Theoretical investigation of electro-optical properties of novel D-Pi-D based organic compounds for OLED applications

Abstract

This article presents the design of five new π-conjugated molecules whose structure contains a D-Pi-D succession, where the donor D unit consists of a carbazole, and the Pi unit varies according to the different donors. Parameters examined included HOMO (Highest Occupied Molecular Orbital) and LUMO (Lowest Unoccupied Molecular Orbital) energy levels, band gap energy (Egap), frontier molecular orbitals, electron affinity and ionization potential. The results show that the Egap values of the molecules studied range from 3.34 to 4.11 eV, suggesting strong conjugation of these structures.
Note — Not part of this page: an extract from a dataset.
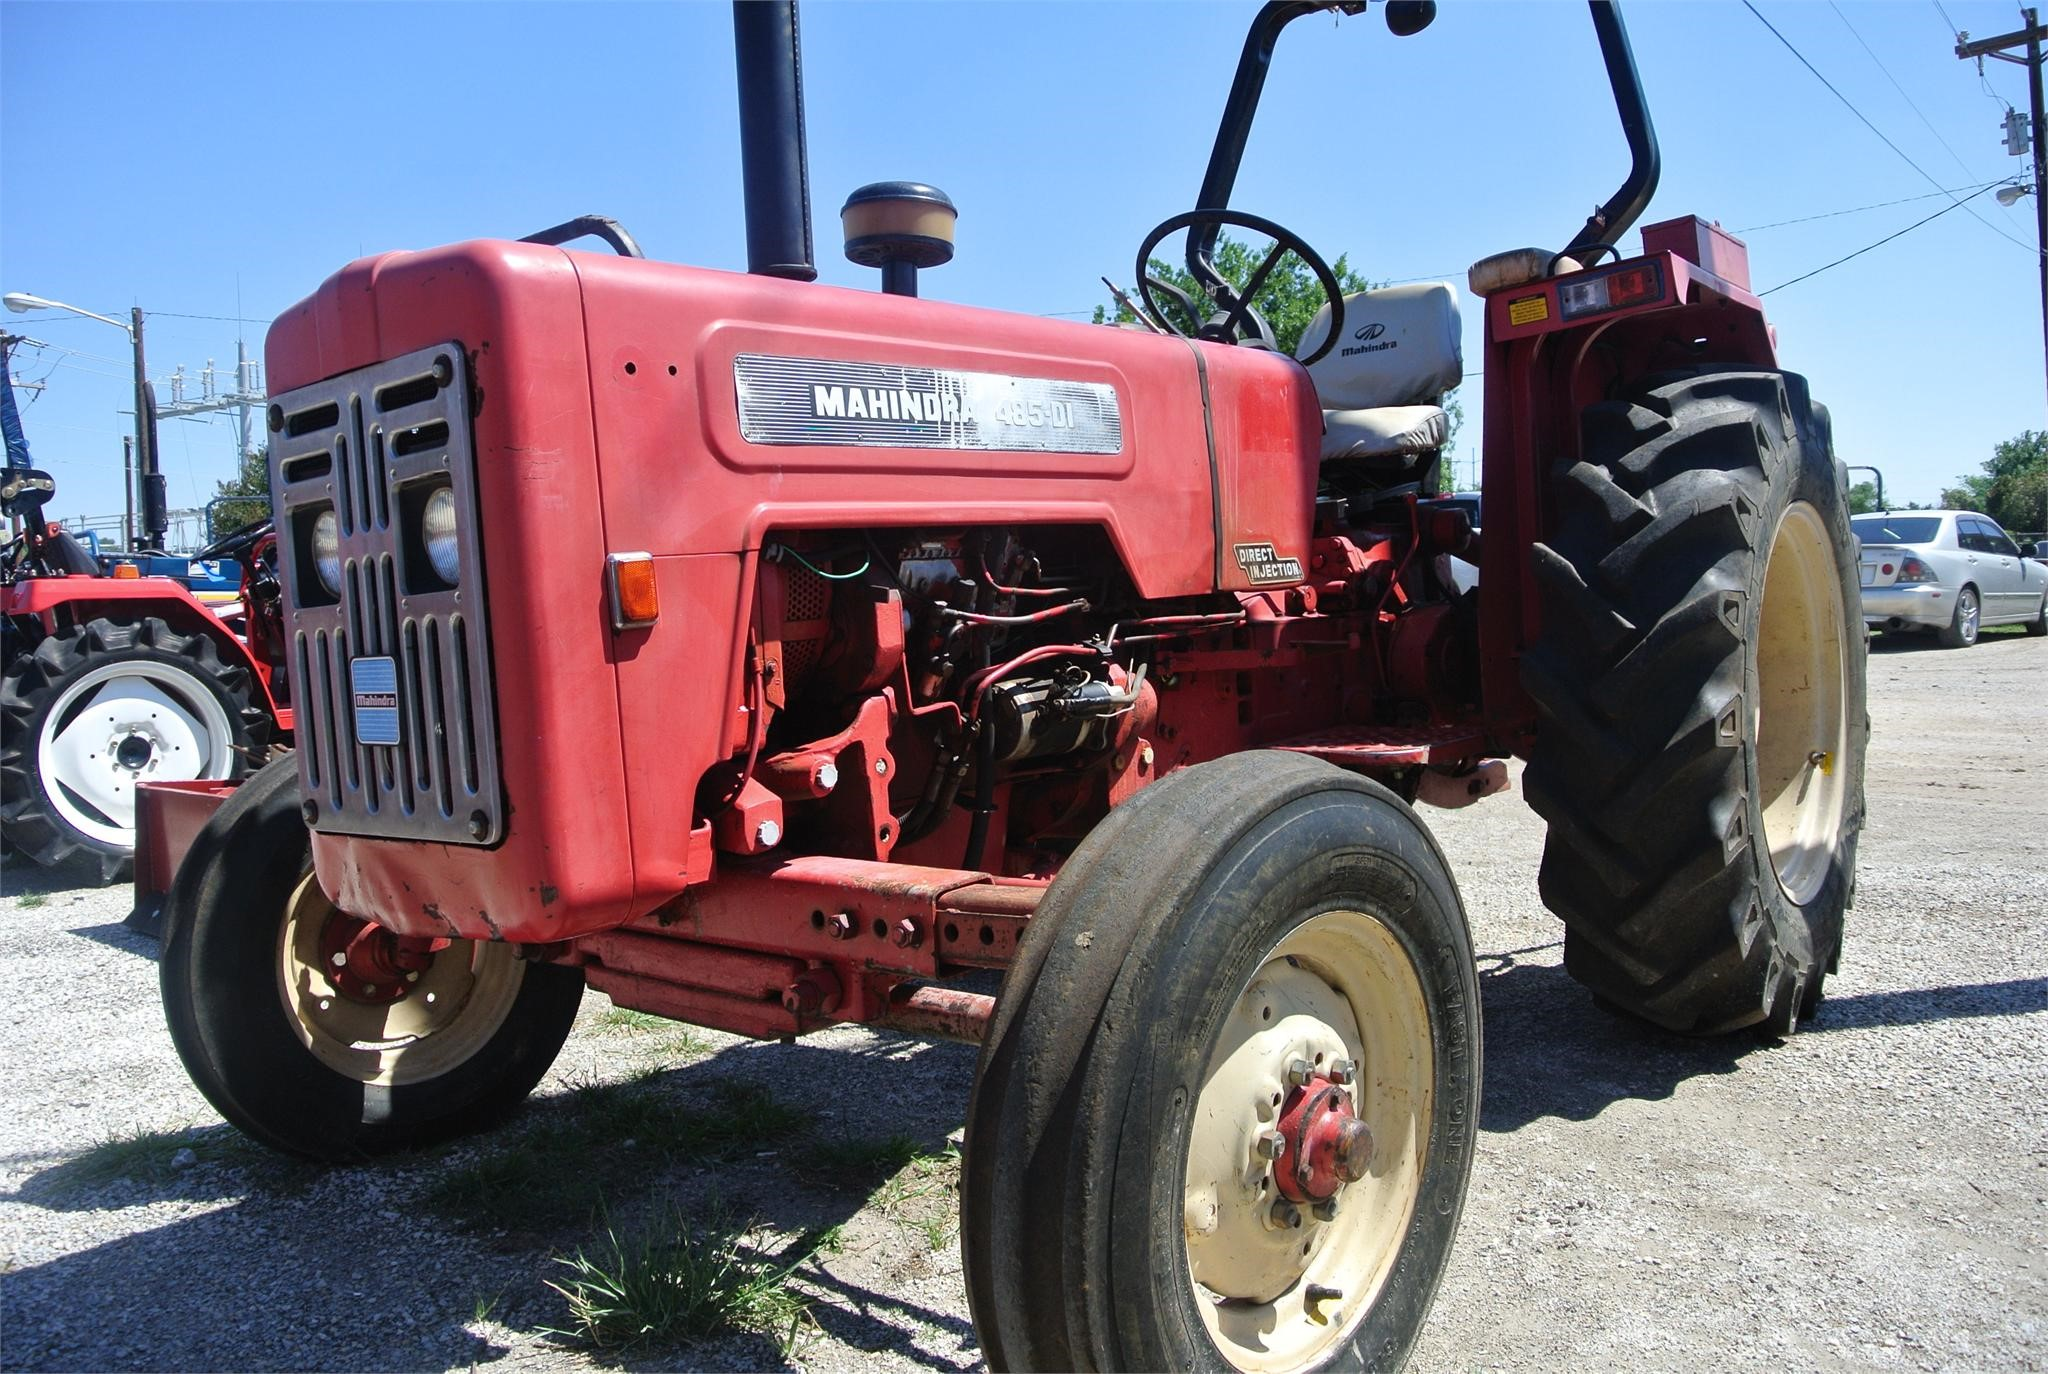 1997 MAHINDRA 485-DI 40-99 HP Tractor

The Time-Dependent Density Functional Theory using the B3LYP hybrid functional and the 6-311G(d,p) basis set method was used to analyze the absorption and emission properties of the compounds, highlighting various features such as their maximum wavelength (λmax), vertical excitation energy (E) and oscillation strengths (O.S), maximum emission wavelengths (λem) and fluorescence energies (EFLu). These materials exhibit broad absorption bands above 360 nm and intense emissions above 421 nm, falling into the UV–visible region. Analysis of the I–V characteristic obtained by SILVACO TCAD software indicates that a minimum voltage is required for the organic light-emitting diode (OLED) to emit light, with threshold voltages of VD = 2 V and VD = 2.2 V. The results show that Oi compounds possess promising properties, makes them potentially interesting materials for use in OLED devices. This theoretical study therefore provides a valuable framework to guide the experimental synthesis of these compounds.